■ Input data ■

[Start of section]

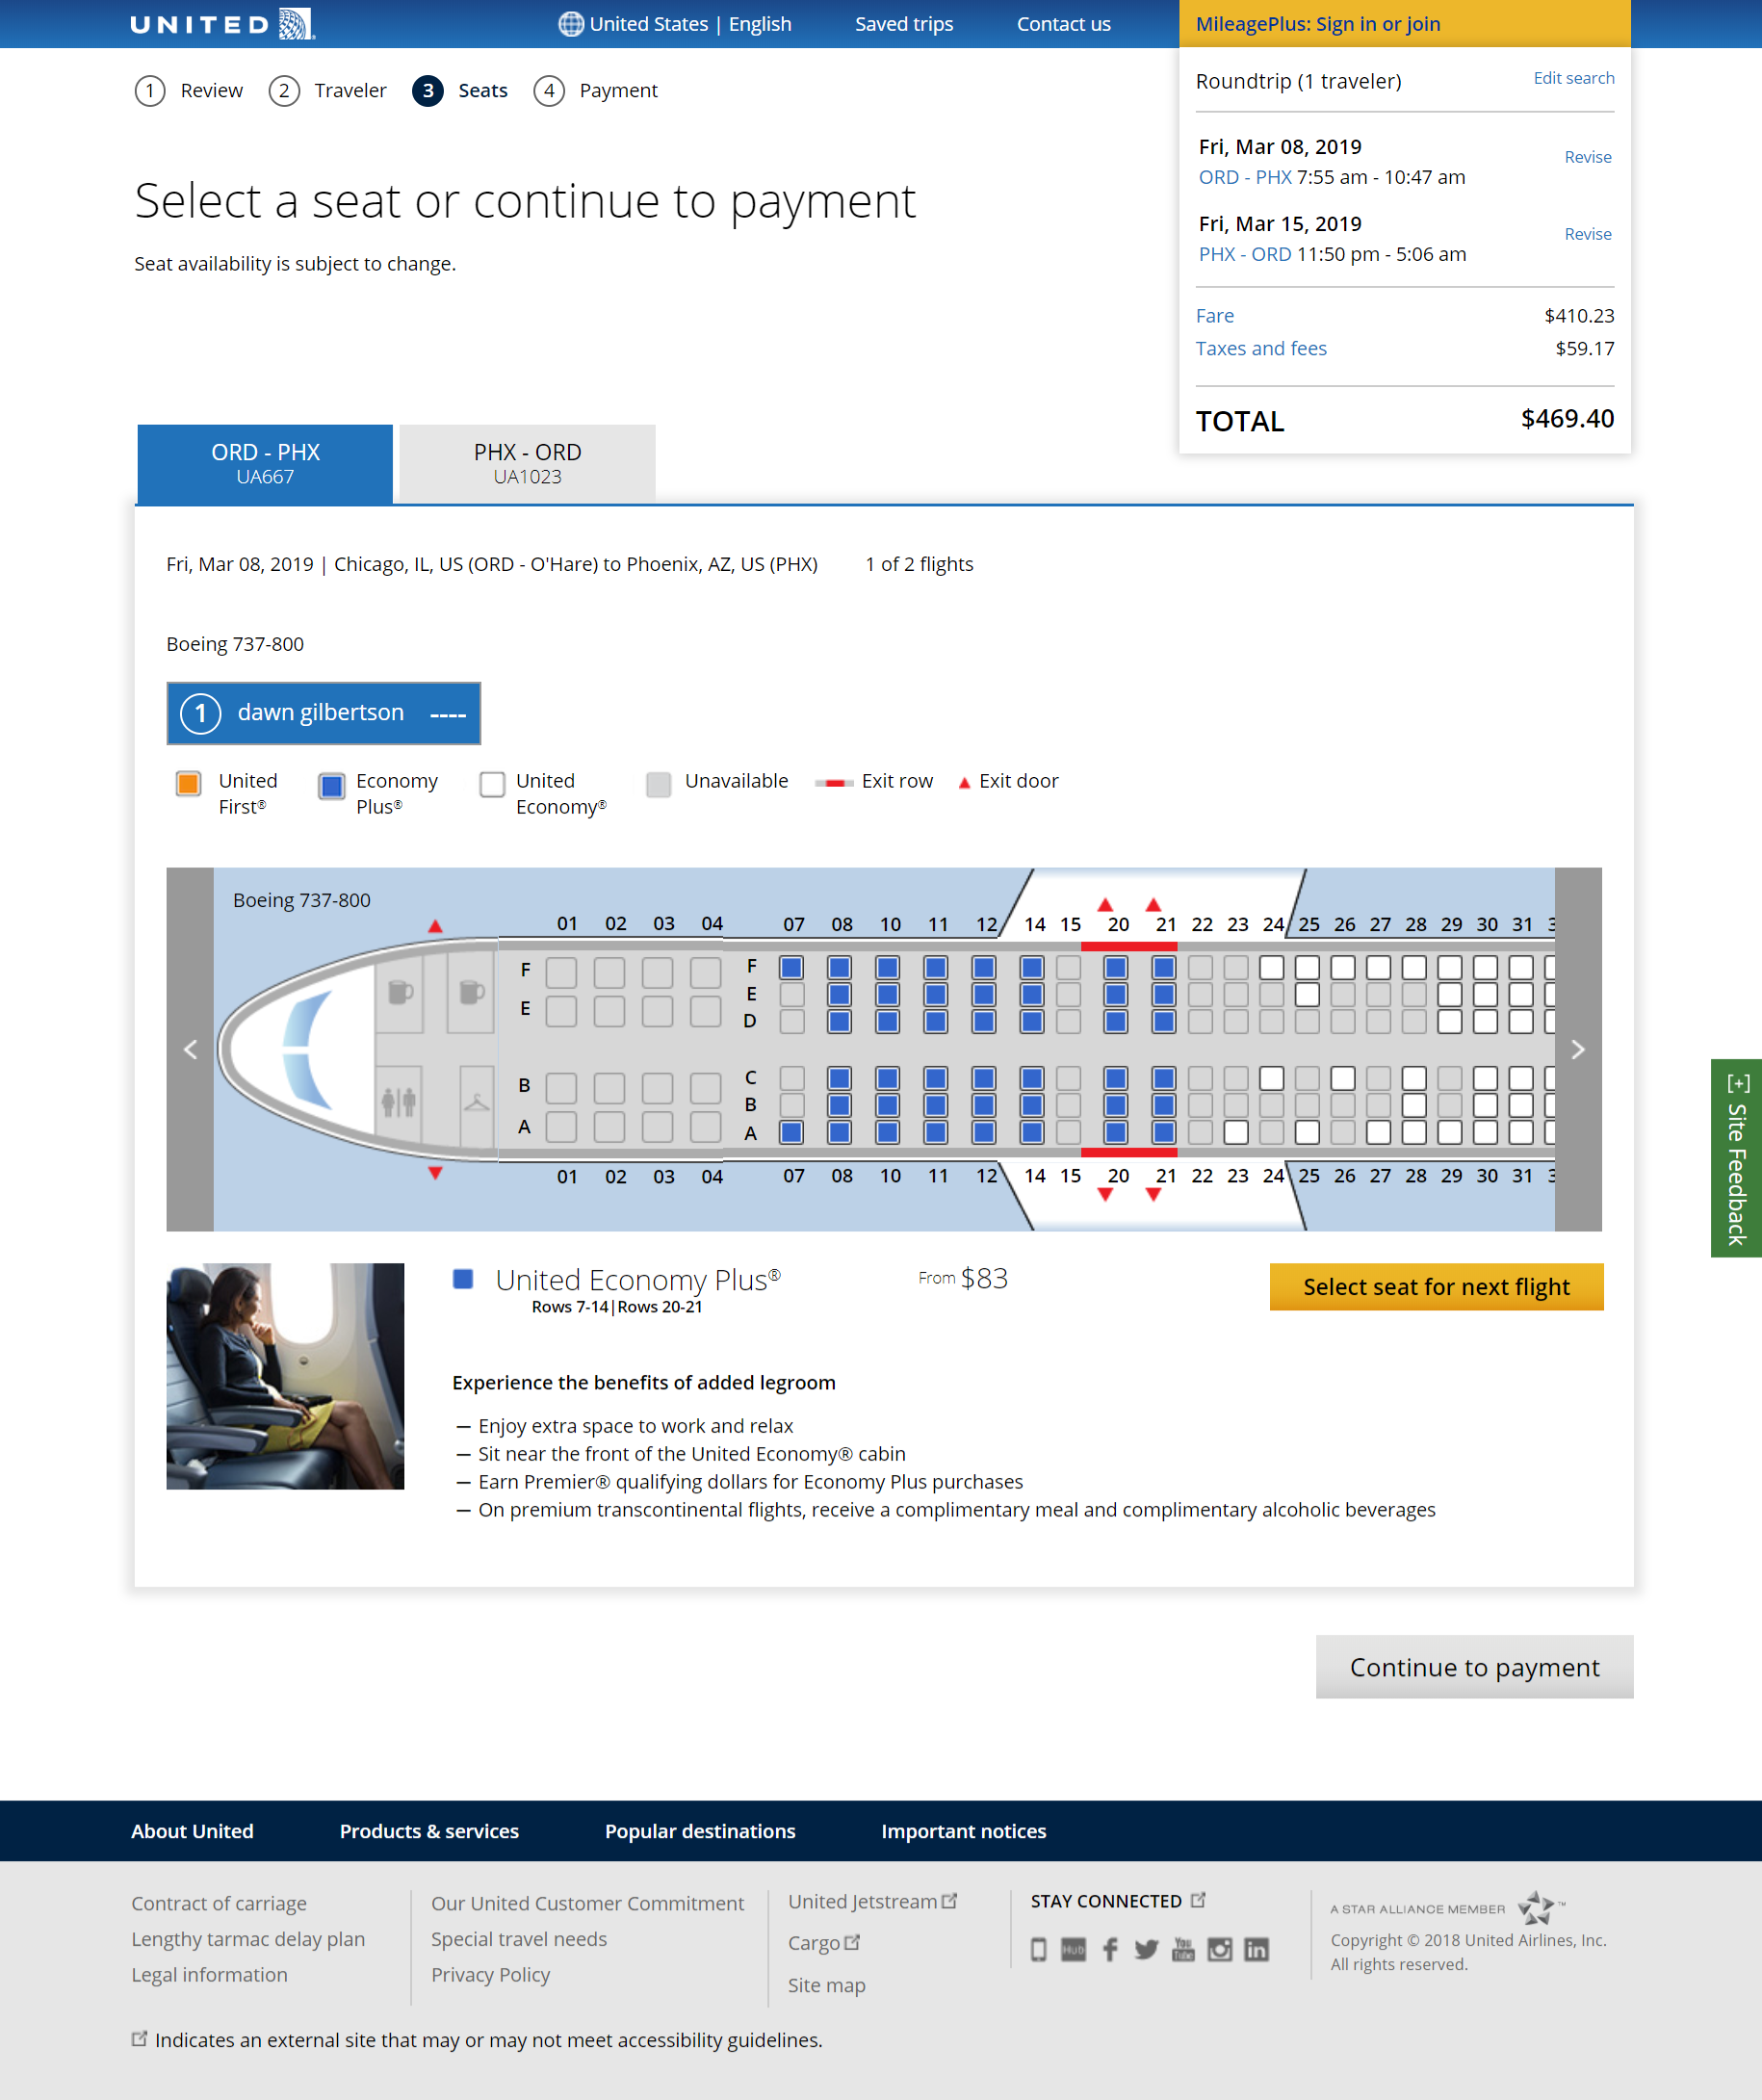 Delta Seating Chart By Flight Number
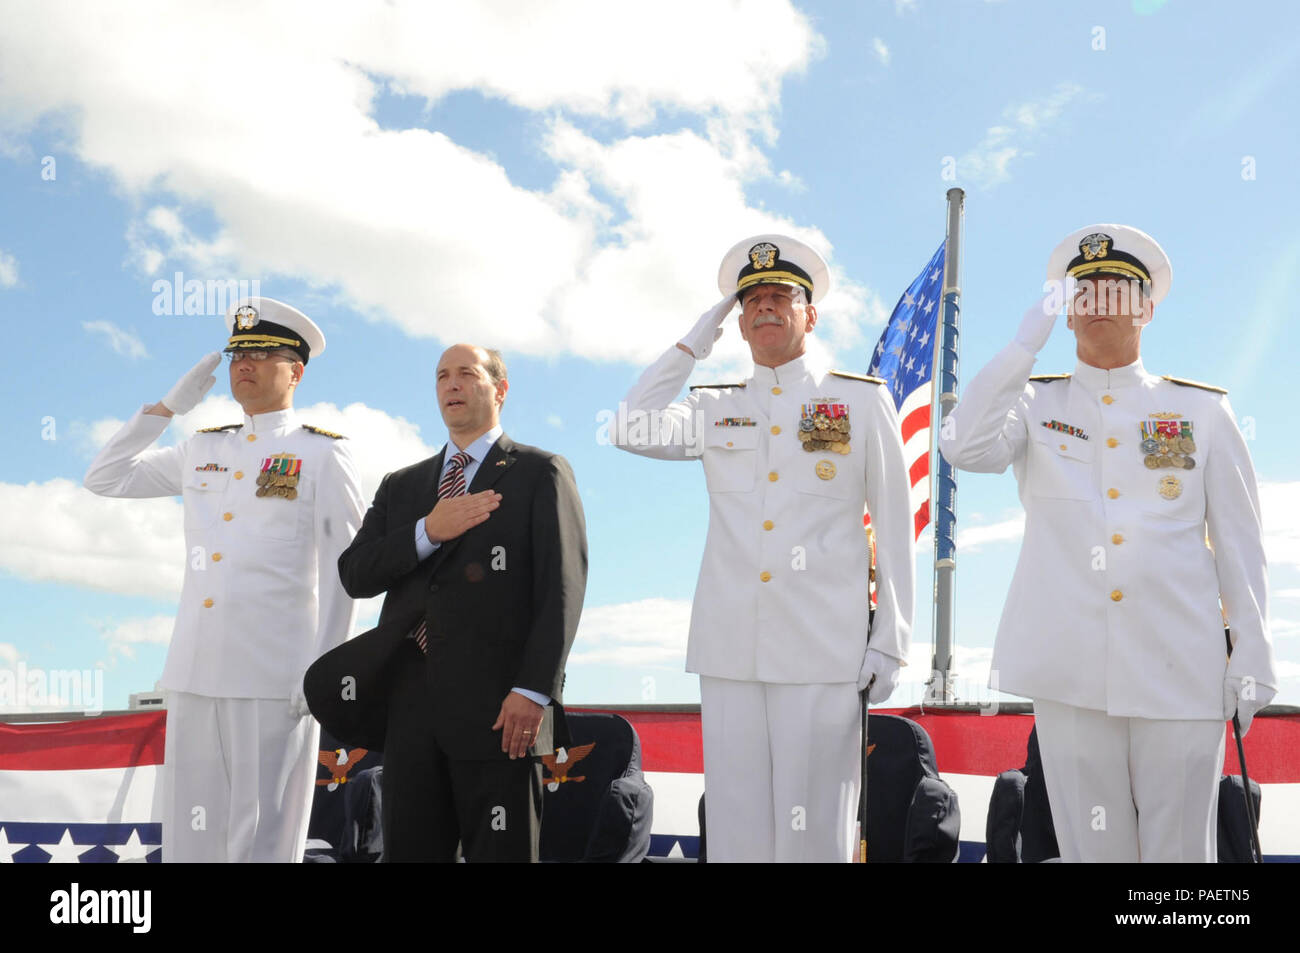 CAIRNS, Australia (July 31, 2013) Vice Adm. Robert L. Thomas Jr., right, salutes after taking command of the U.S. 7th Fleet alongside departing 7th Fleet Commander Vice Adm. Scott H. Swift, Jeffrey Bleich, U.S. Ambassador to Australia and Capt. John Shimotsu, 7th Fleet Chaplain, during a change of command ceremony on board the flagship USS Blue Ridge (LCC 19) in Cairns, Australia. Blue Ridge and embarked 7th Fleet staff are currently on patrol operating forward, building maritime partnerships and conducting security and stability operations. Stock Photo
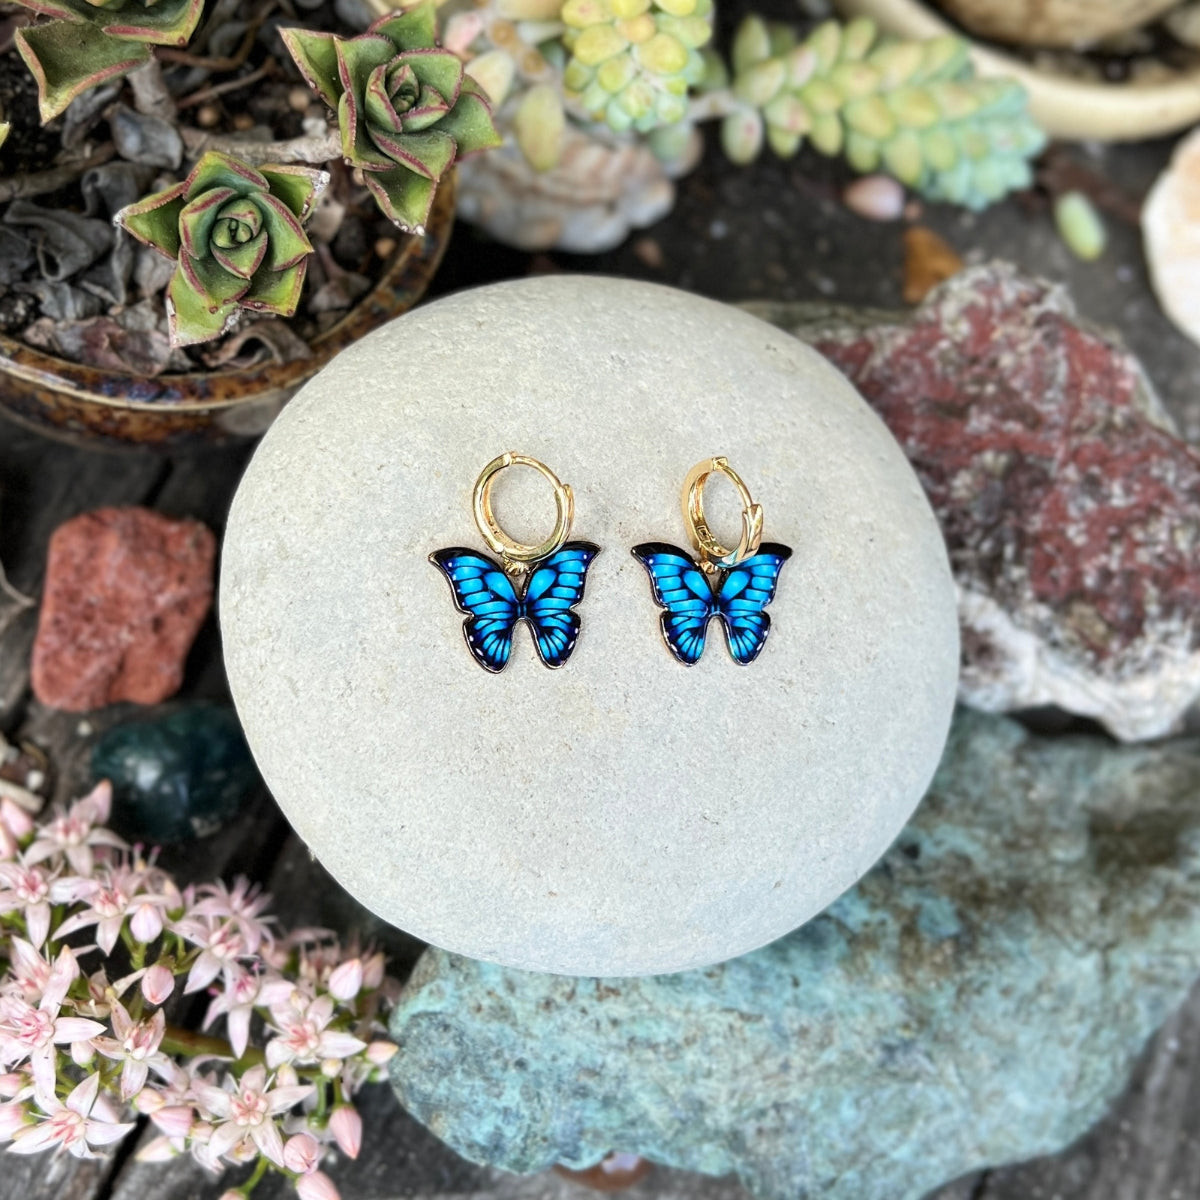 Let the "Joyful Butterfly Dance Earrings" be your mindful companions, encouraging you to dance through life with the carefree spirit of a butterfly. 
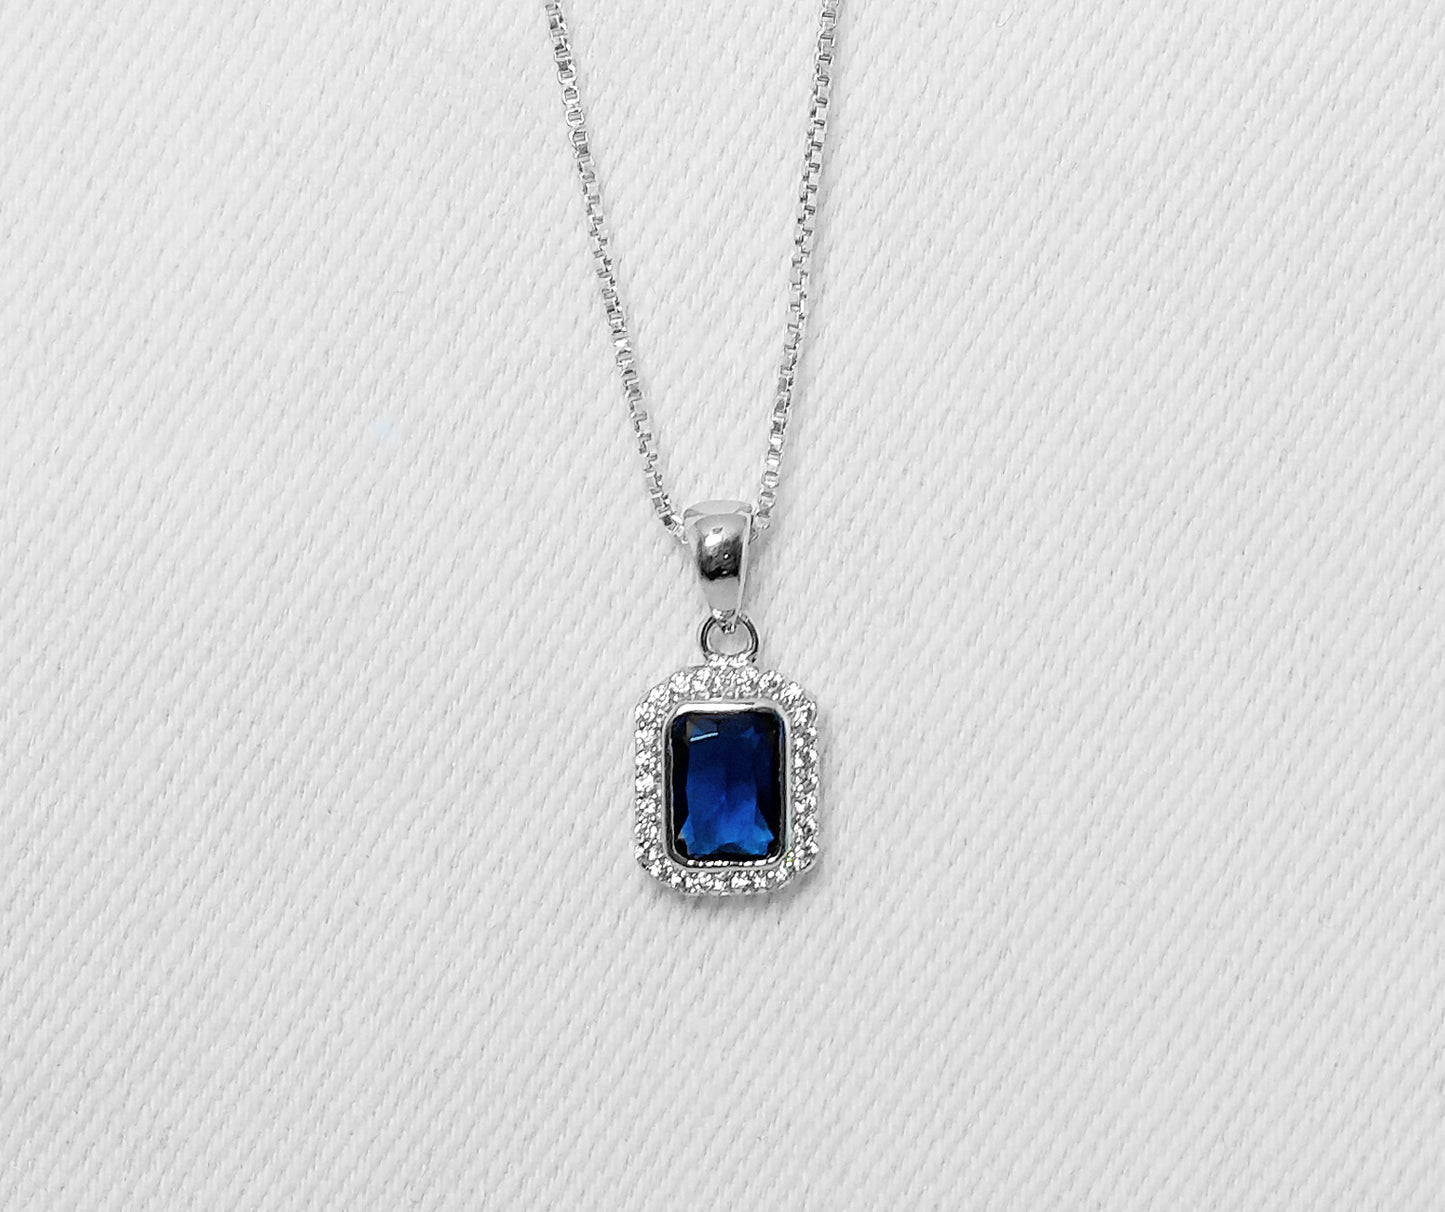 Sterling Silver Pendant with Cubic Zirconia Stones. Deep Blue Colour

[End of section]

■ Exercise brief ■
Down to the last line, reproduce the material above exactly; skip its images.

■ Written solution ■
 Delta Seating Chart By Flight Number
 CAIRNS, Australia (July 31, 2013) Vice Adm. Robert L. Thomas Jr., right, salutes after taking command of the U.S. 7th Fleet alongside departing 7th Fleet Commander Vice Adm. Scott H. Swift, Jeffrey Bleich, U.S. Ambassador to Australia and Capt. John Shimotsu, 7th Fleet Chaplain, during a change of command ceremony on board the flagship USS Blue Ridge (LCC 19) in Cairns, Australia. Blue Ridge and embarked 7th Fleet staff are currently on patrol operating forward, building maritime partnerships and conducting security and stability operations. Stock Photo
 Let the "Joyful Butterfly Dance Earrings" be your mindful companions, encouraging you to dance through life with the carefree spirit of a butterfly. 
 Sterling Silver Pendant with Cubic Zirconia Stones. Deep Blue Colour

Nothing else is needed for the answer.